James Madison Papers

To James Madison from Mark and Thomas Winslow, 7 July 1812 (Abstract)

§ From Mark and Thomas Winslow

7 July 1812. “The Petition of Mark Winslow Thomas Winslow and James Stewart respectfully sheweth that they have been severally indicted and your said petitioners Mark and Thomas Winslow convicted (they having pleaded Guilty) of forging bank notes as by the annexed Certificate will appear.… Your petitioners … have acknowledged their guilt & made all the reparation in their power by disclosing every circumstance within their knowledge which could tend to stop the evils resulting from this crime & a powerful combination to carry it on with success.” Claim to be “desirous to atone for their vices by the honest industry of their future lives,” and request that JM “grant them a pardon as they have already severely suffered for their offences.”1

RC and enclosure (DLC). 1 p. Undated; date assigned here on the basis of an enclosed copy of Mark and Thomas Winslow’s 7 July 1812 court record.

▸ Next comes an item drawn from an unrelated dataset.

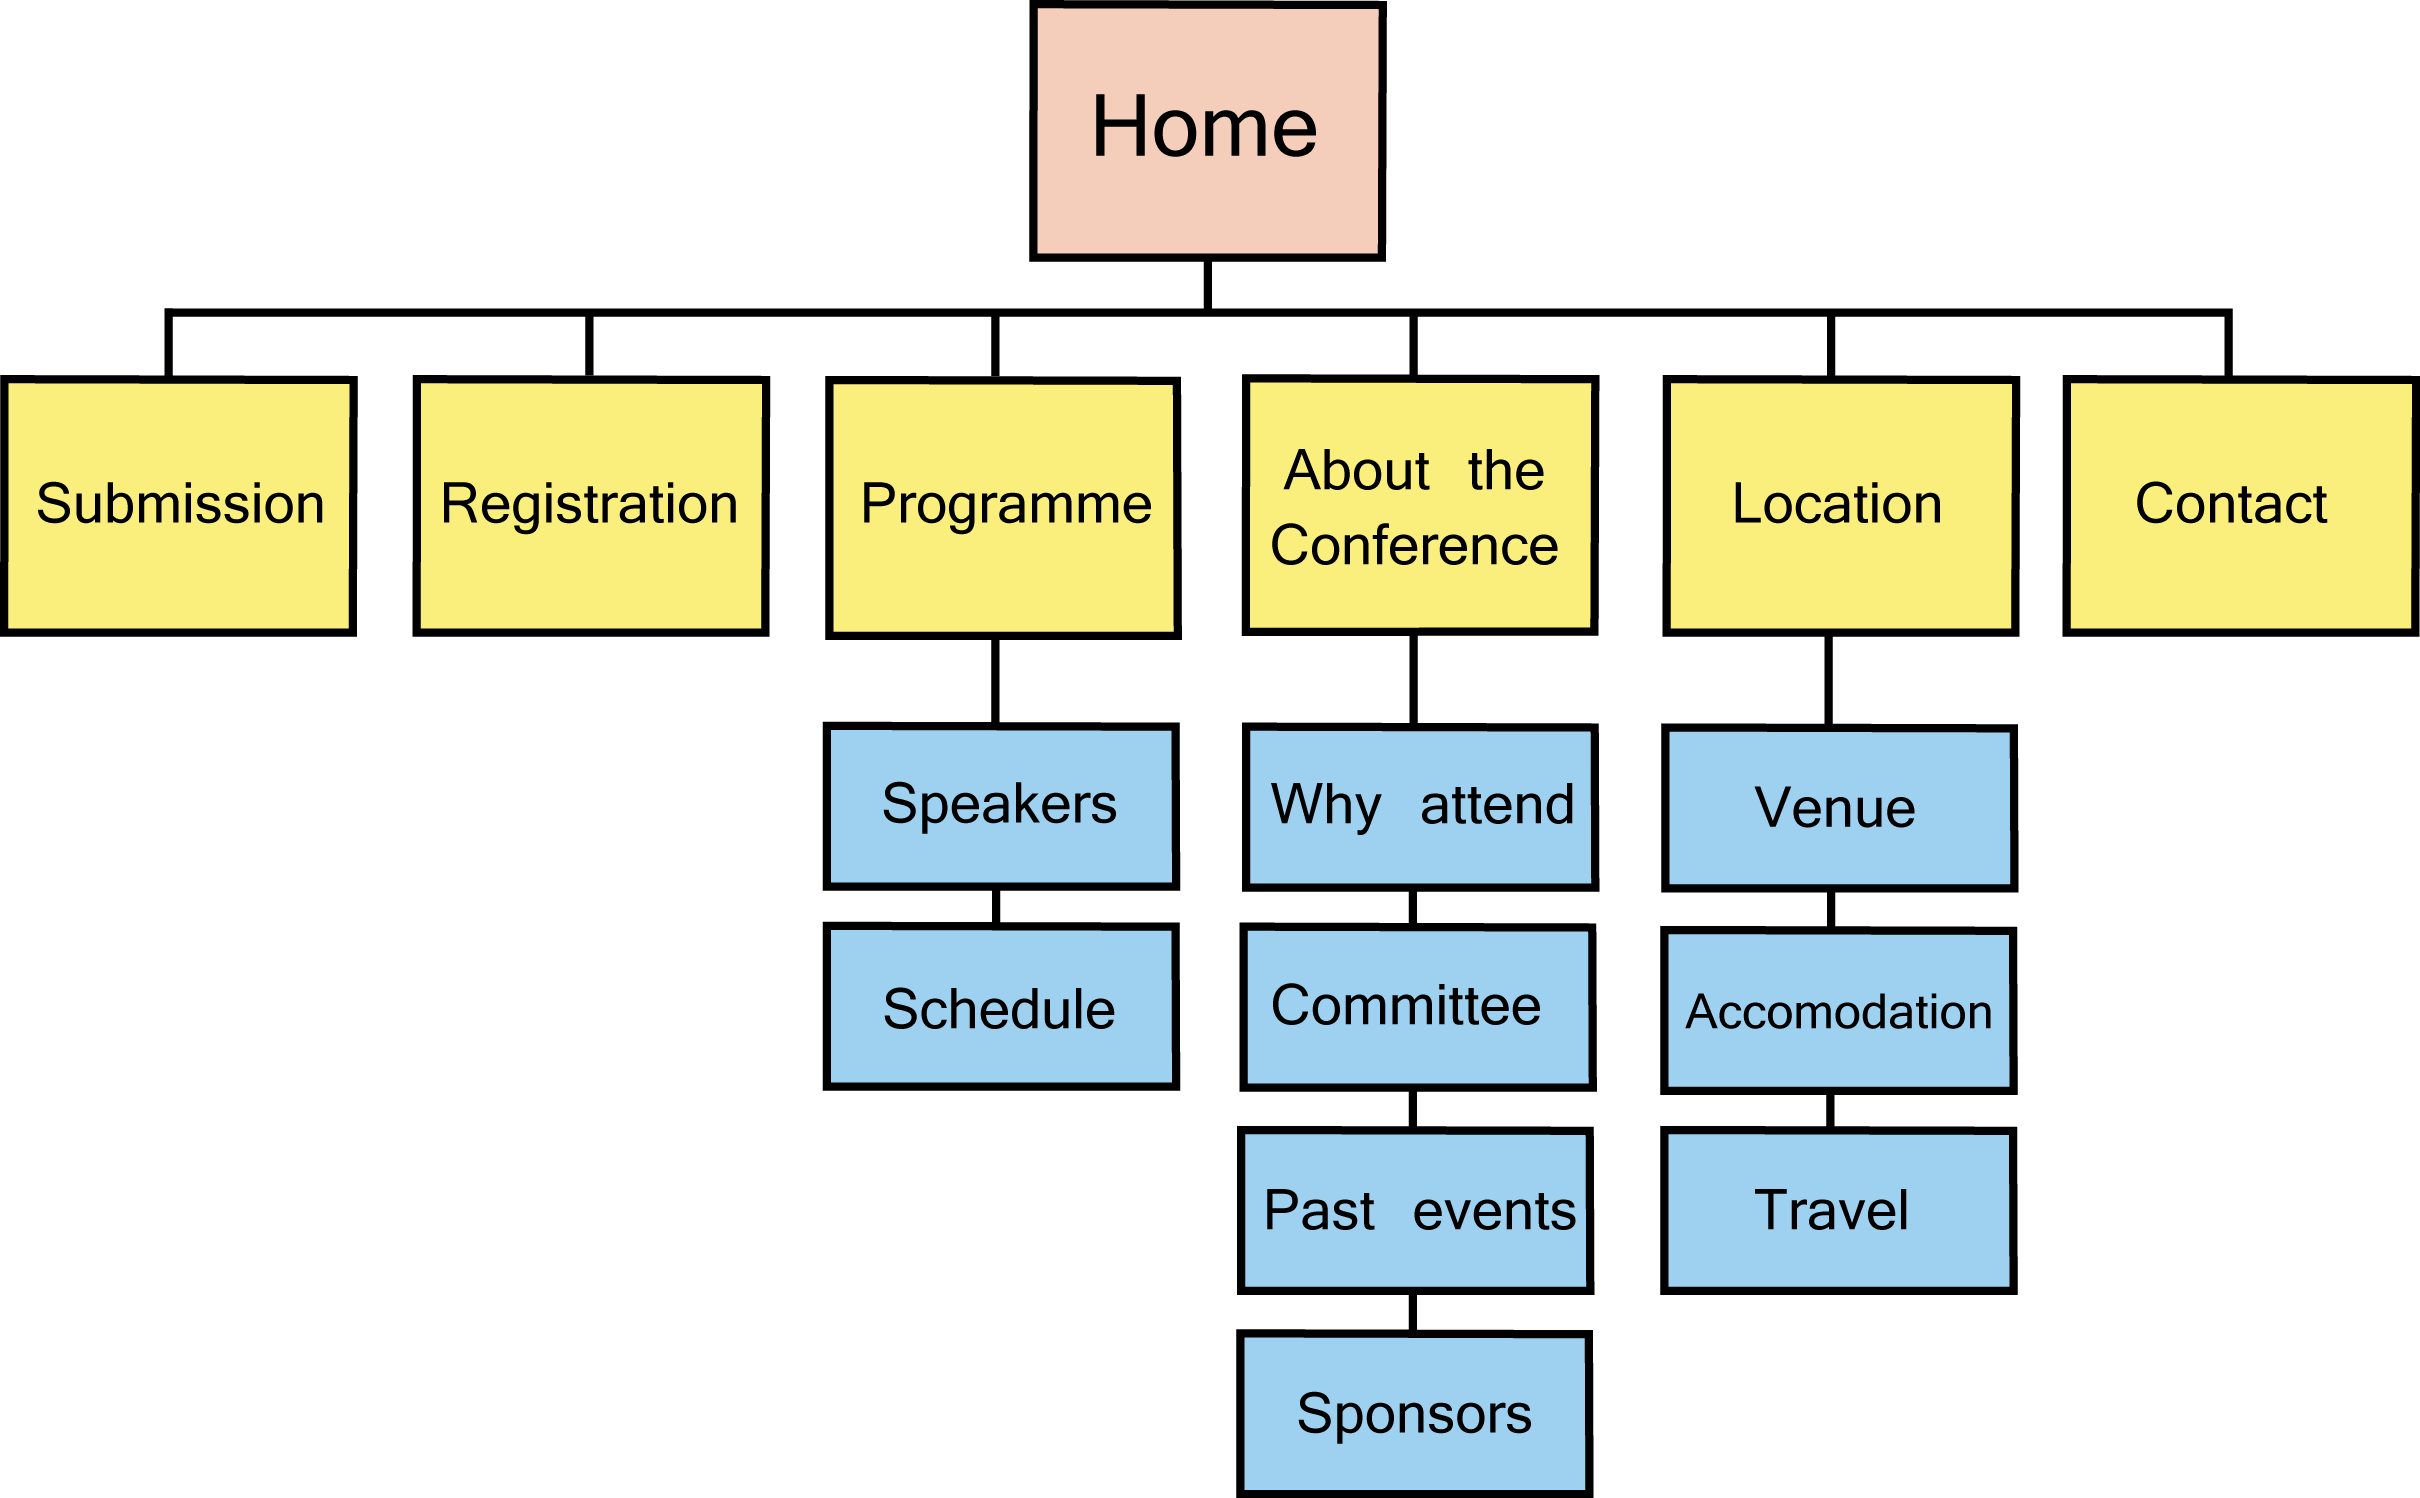 Diagram showing the design of a conference website structure
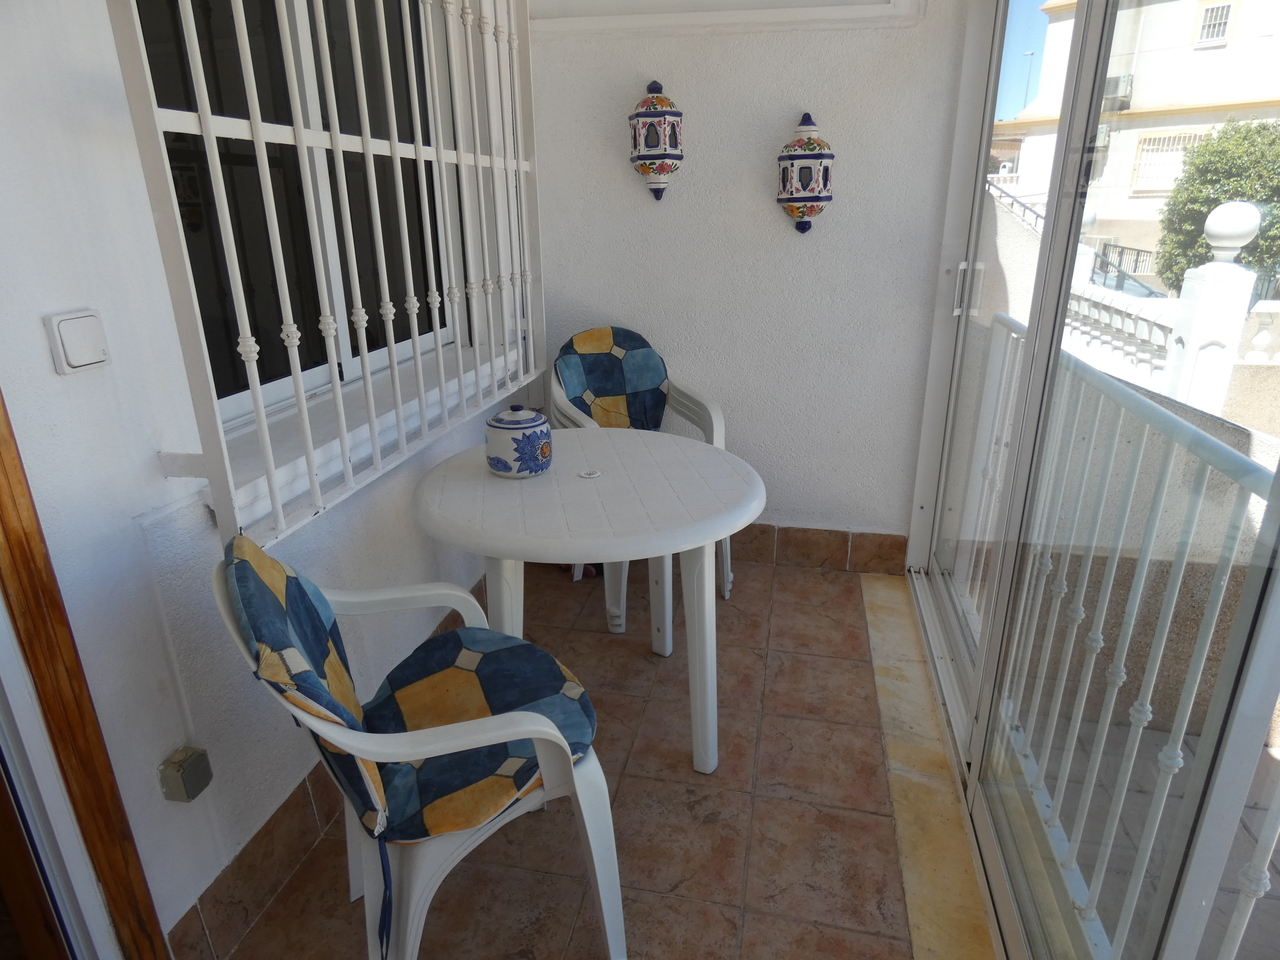 HCB-598: Townhouse for sale in Algorfa

1The Winslows and their unconvicted associate, James Stewart, had evidently garnered the support of a number of powerful individuals by the time their cases went to court. On 9 June, John Mason, president of the Bank of Columbia, wrote a letter on their behalf. Addressing Walter Jones, an attorney for the District of Columbia who appears to have defended the accused counterfeiters, Mason explained that the prisoners had been “very useful in enabling us to detect a number of counterfeiters, as well as to get hold of much false money and Plates.” Mason was “authorized to say on the part of the Banks concerned and of the Magistrates who apprehended them here, we should very gladly see their punishment, if any, made as light as possible” (DLC). On 7 July, Jones reiterated Mason’s views for the court, requesting that “all the mitigating circumstances” be taken into consideration when sentence was determined (DLC). These letters were probably read by JM, who granted the Winslows a pardon on 19 Dec. 1812. By that time they had served their entire six-month sentence, but they were spared the payment of fines amounting to one hundred dollars and court costs (DNA: RG 59, PPR).